_What is required:_
A word-for-word copy of the lines from the one holding "black viscose jersey" through the final line of the records below is the only output asked for.

_Entries supplied:_
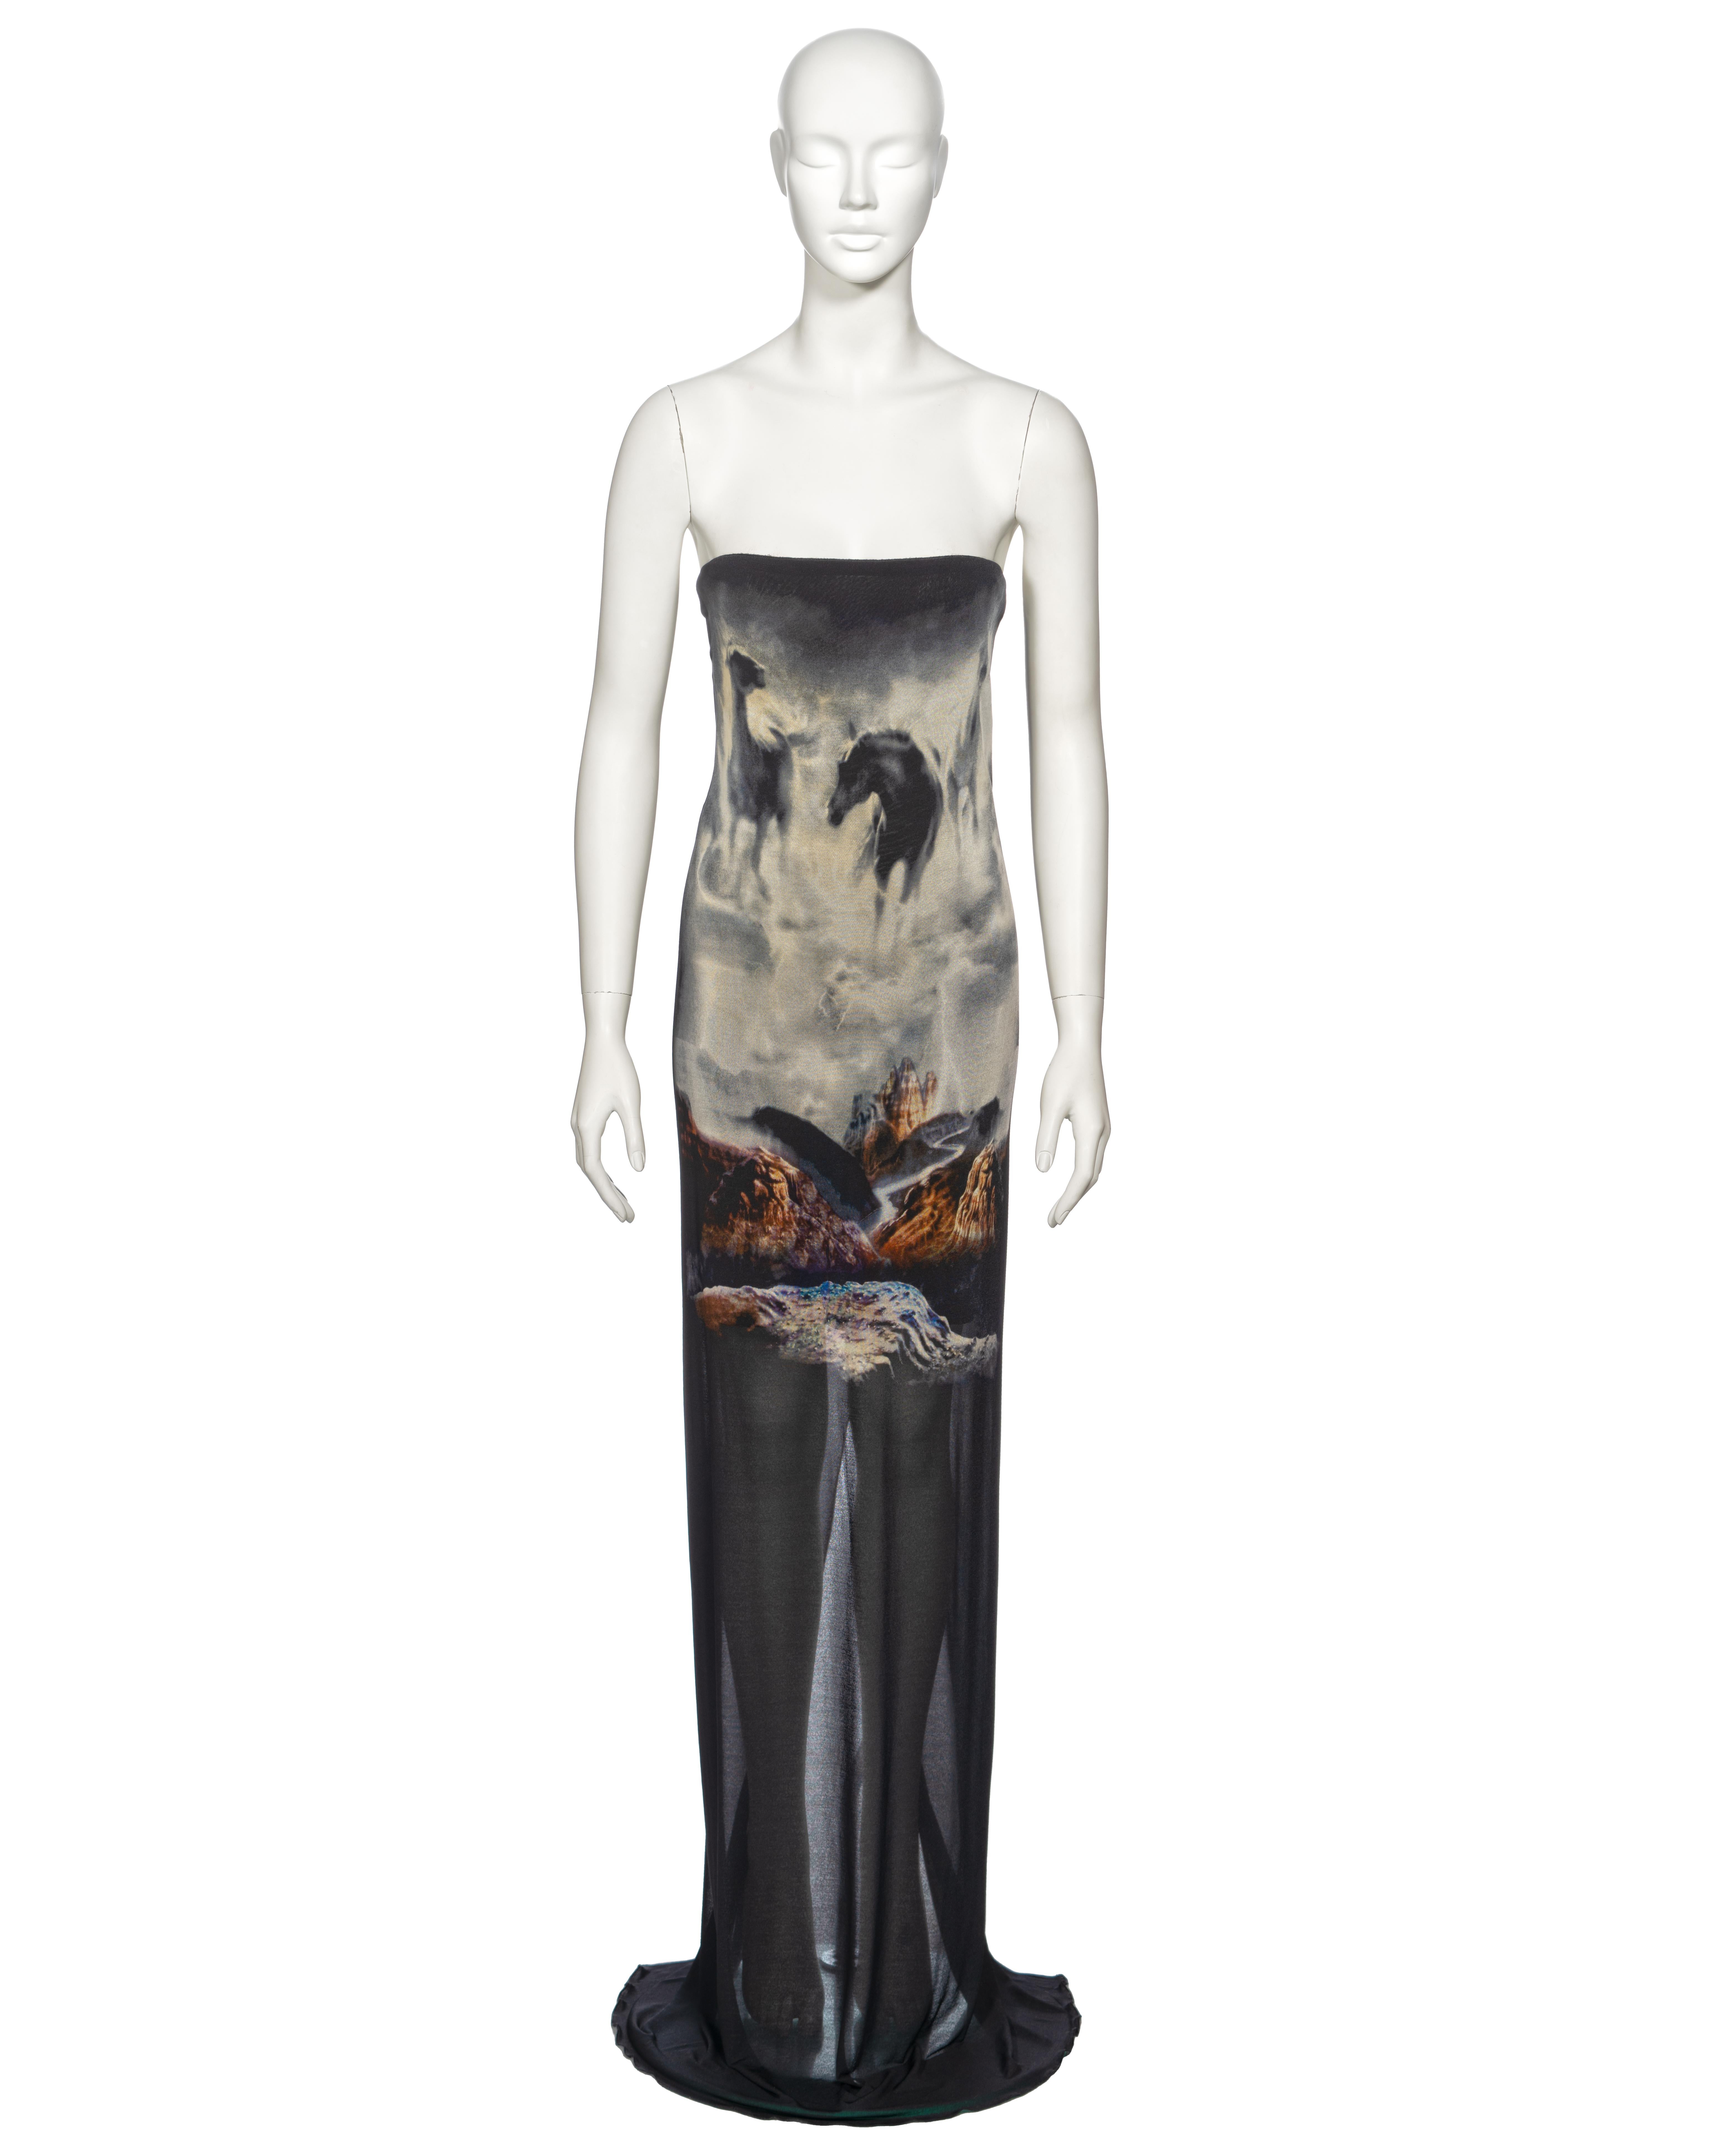 ▪ Archival Margiela Bandeau Maxi Dress
▪ Creative Director: Martin Margiela
▪ Spring-Summer 2008
▪ Sold by One of a Kind Archive
▪ Constructed from two layers of black viscose jersey 
▪ Western style print depicts running wild horses and a

_Reply:_
▪ Constructed from two layers of black viscose jersey 
▪ Western style print depicts running wild horses and a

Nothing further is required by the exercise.